> **Problem to work on**
Lift out, unaltered, the lines of the material below between the line holding "Disney FROZEN Blue" and the line holding "Chocolates Topcau desde 1994", counting both.

> **Material to process**
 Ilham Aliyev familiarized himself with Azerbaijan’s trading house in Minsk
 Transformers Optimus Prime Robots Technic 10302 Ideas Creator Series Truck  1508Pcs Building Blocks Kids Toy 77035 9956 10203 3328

--

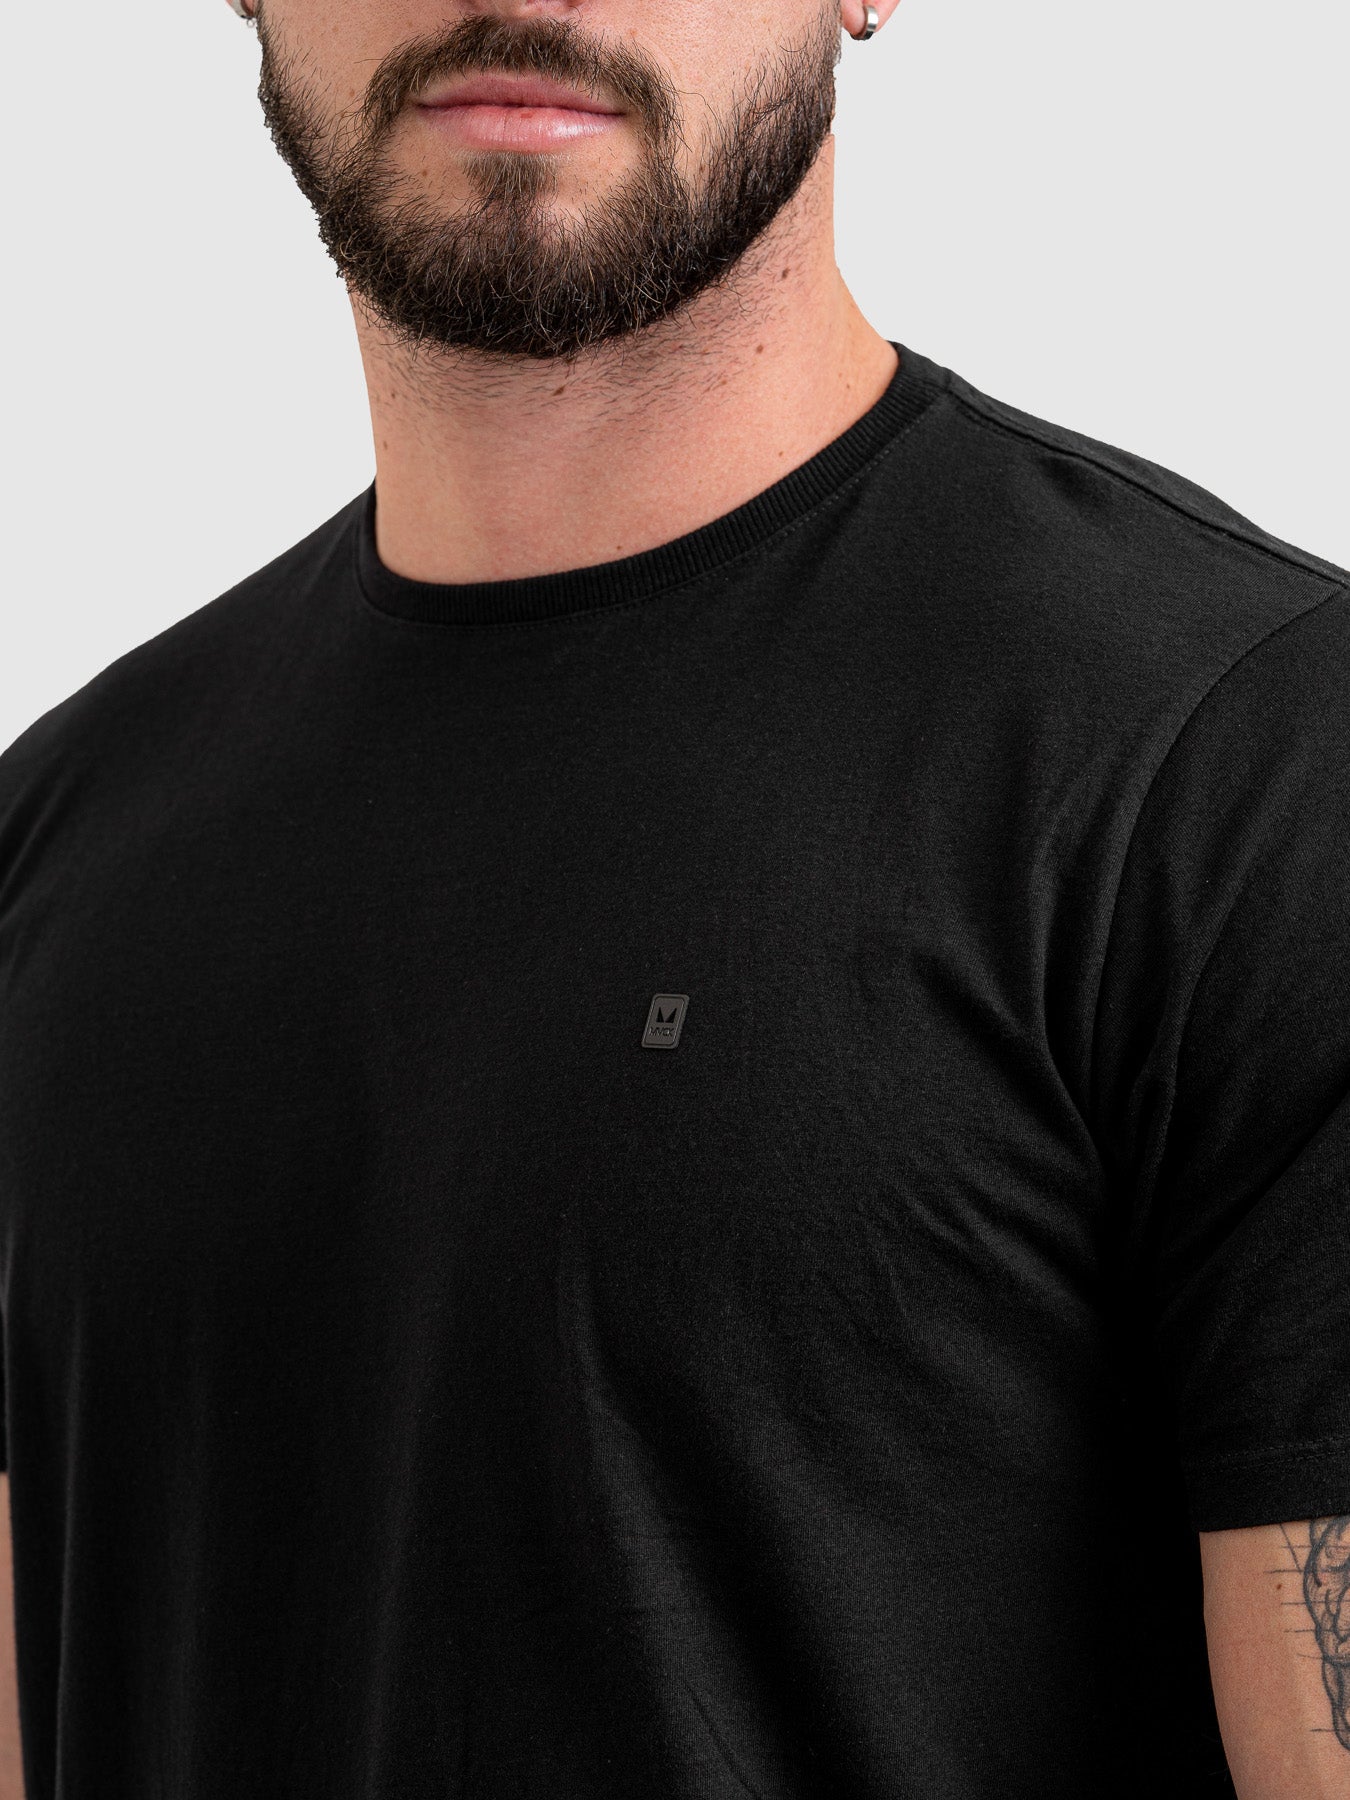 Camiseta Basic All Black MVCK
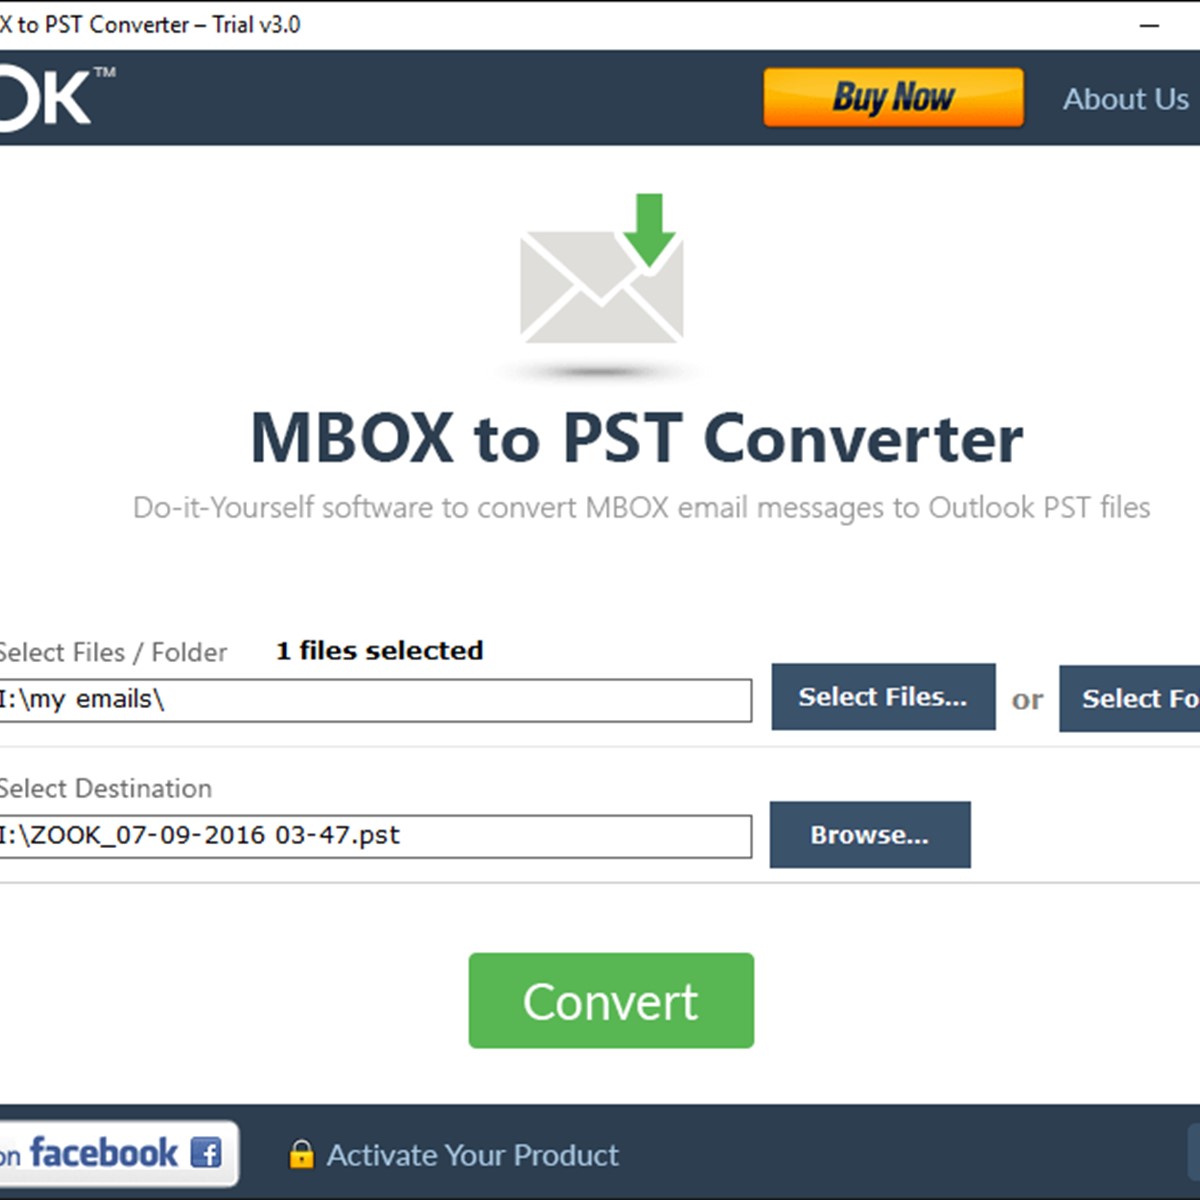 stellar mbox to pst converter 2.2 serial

...

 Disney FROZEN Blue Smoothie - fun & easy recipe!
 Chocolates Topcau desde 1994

> **Answer space**
 Disney FROZEN Blue Smoothie - fun & easy recipe!
 Chocolates Topcau desde 1994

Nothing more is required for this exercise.